Filipino singer and television personality (born 2001)

John Lloyd Toreliza (born 17 September 2001), known professionally as JL Toreliza or simply JL, is a Filipino singer, songwriter, and television personality. He is a member of the Filipino boy band BGYO.

Before joining BGYO, Toreliza competed in the first season of The Clash in 2018. He later trained under Star Hunt Academy (SHA) and debuted with BGYO in January 2021. Toreliza co-wrote BGYO's debut single, "The Light", and received a composition credit for the group's collaboration with Keiko Necesario, "Runnin'". (Note: "The track was part of the 4th Season of Coke Studio Philippines' Itodo Mo Beat Mo.")

Toreliza made his theatre debut in 2023 as Rovic in Tabing Ilog: The Musical.
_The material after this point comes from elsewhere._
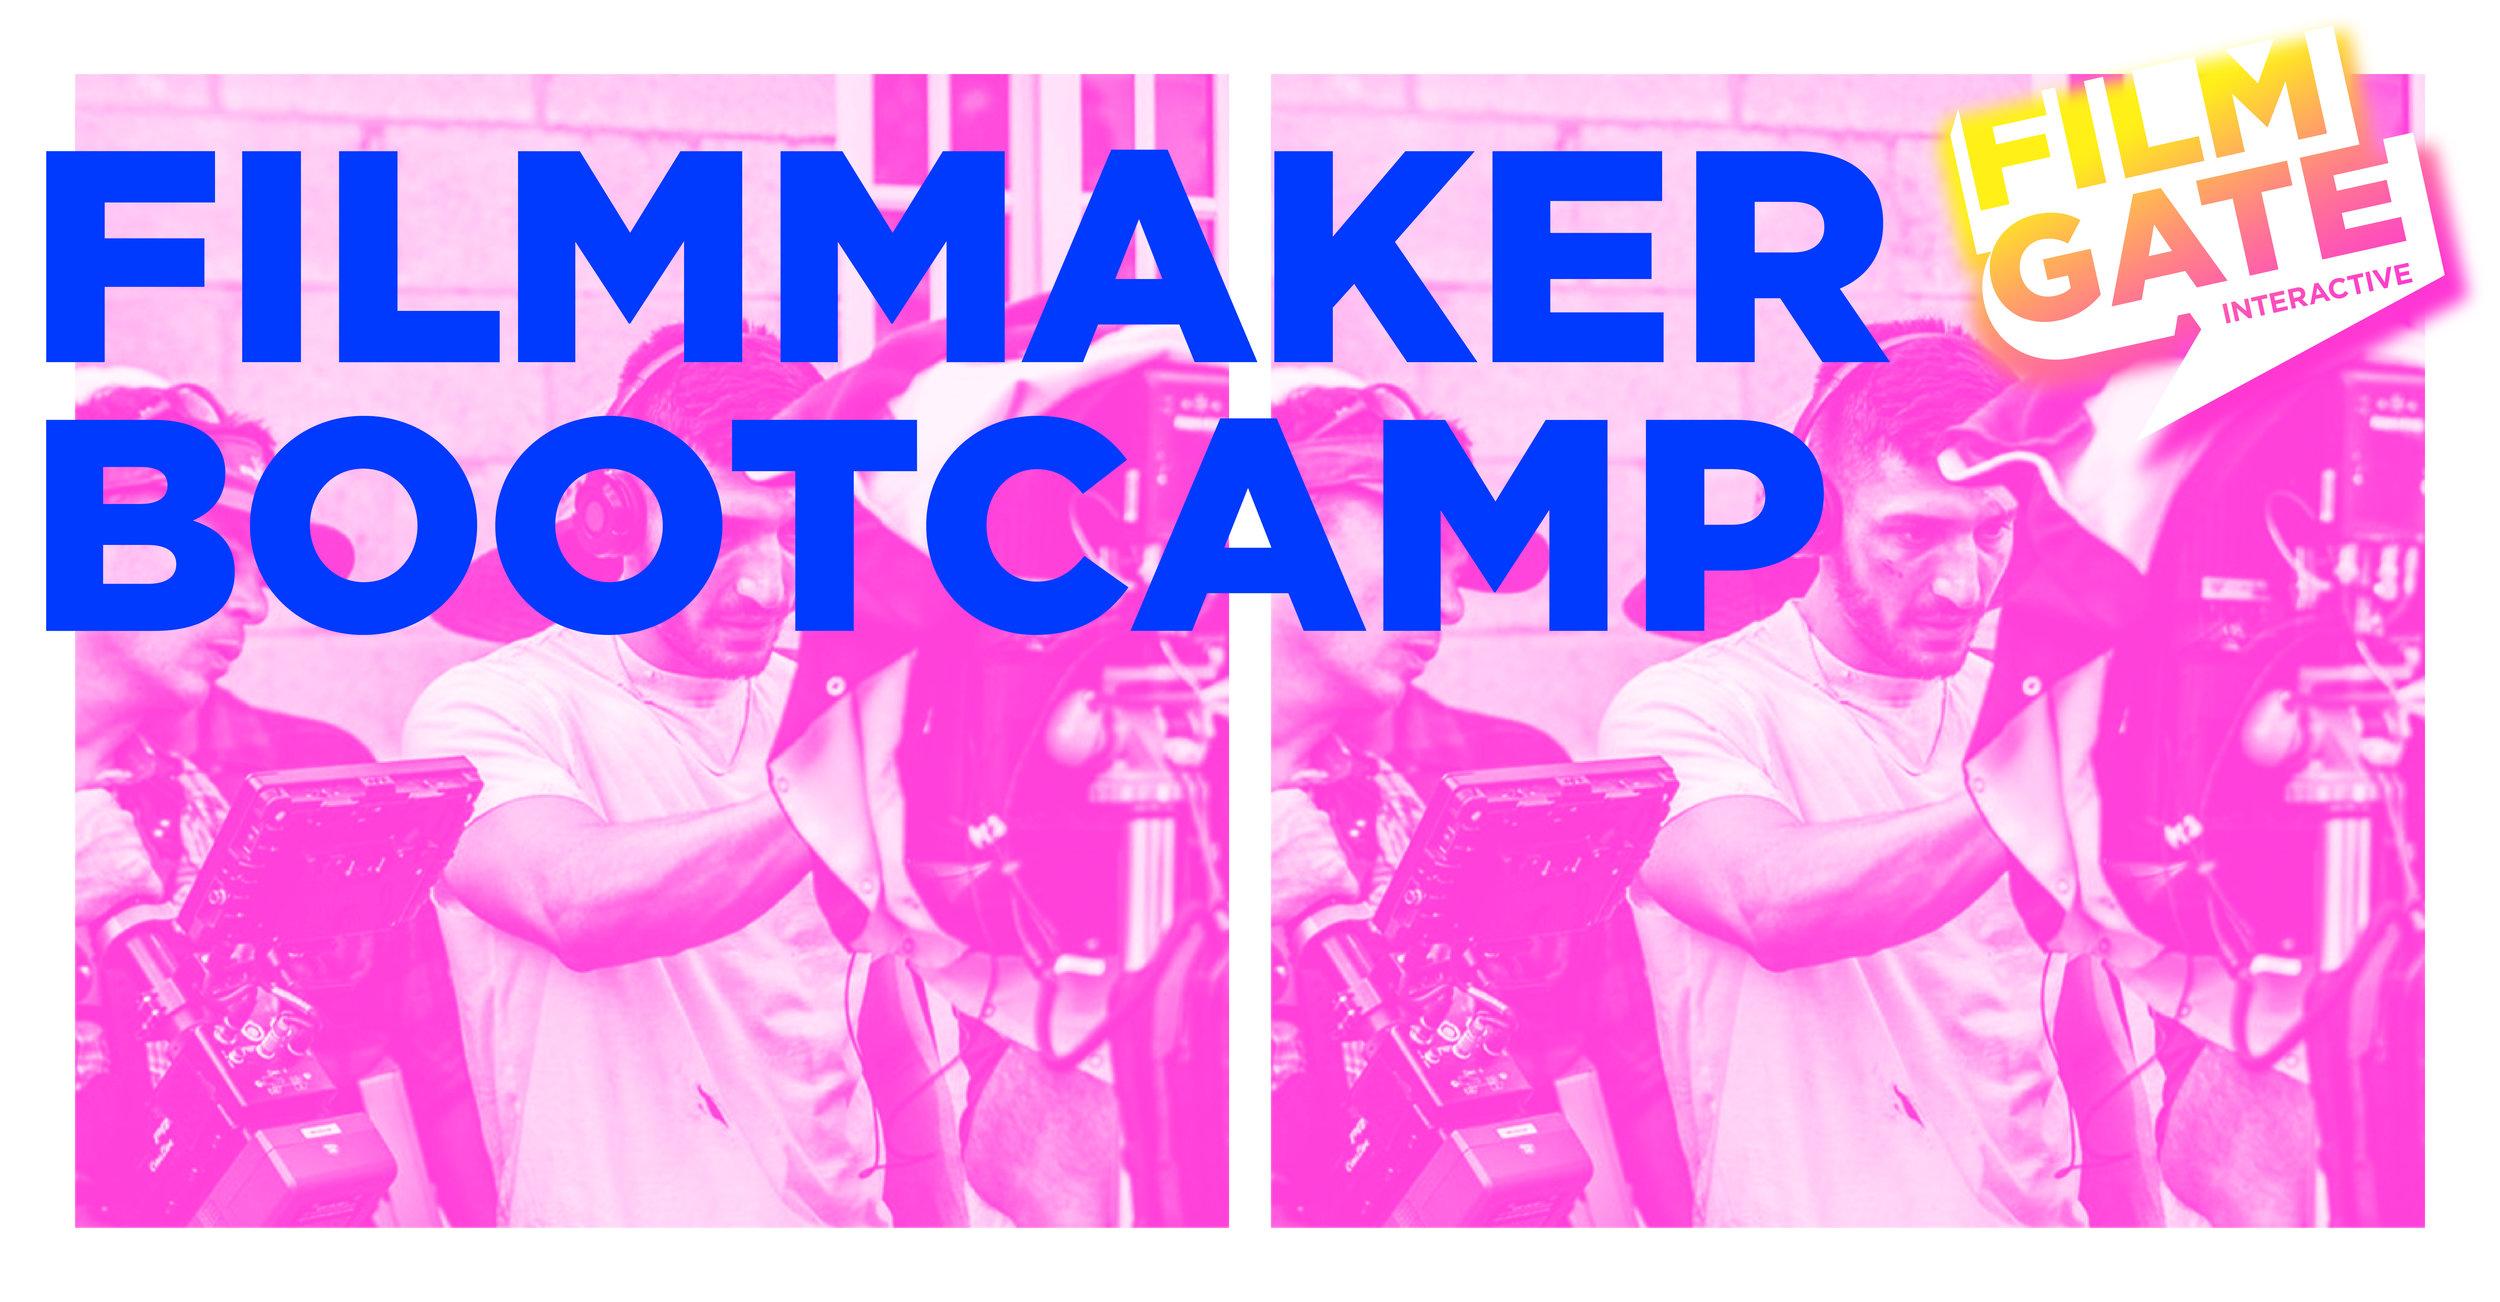 FG_FilmmakerBootcampFB-event_1-01.jpg

In 2026, he returned to The Clash franchise as a judge on its teen edition, The Clash Teens.

==Early life==

Toreliza was born on September 17, 2001, and is from Naic, Cavite. He has a younger sister. He grew up listening to Filipino balladeers and regularly sang songs by Erik Santos and Sarah Geronimo in karaoke sessions and singing competitions.

He was a varsity volleyball player in school. Toreliza was not initially trained as a dancer and later said that dance was outside his comfort zone when he auditioned for Star Hunt Academy (SHA). He completed senior high school in 2024.

==Career==

===2018–2022: The Clash, Star Hunt Academy, and BGYO===

Toreliza joined the first season of The Clash in 2018 and advanced to its initial field of contestants.

Later in 2018, he was selected for the Star Hunt Academy programme and became part of the trainee group known as SHA Boys. Toreliza and the four other eventual BGYO members trained for two years under Filipino and South Korean mentors from MU Doctor Academy, vocal coach Kitchy Molina, and dance coach Mickey Perz. He said that he learned to dance during the programme.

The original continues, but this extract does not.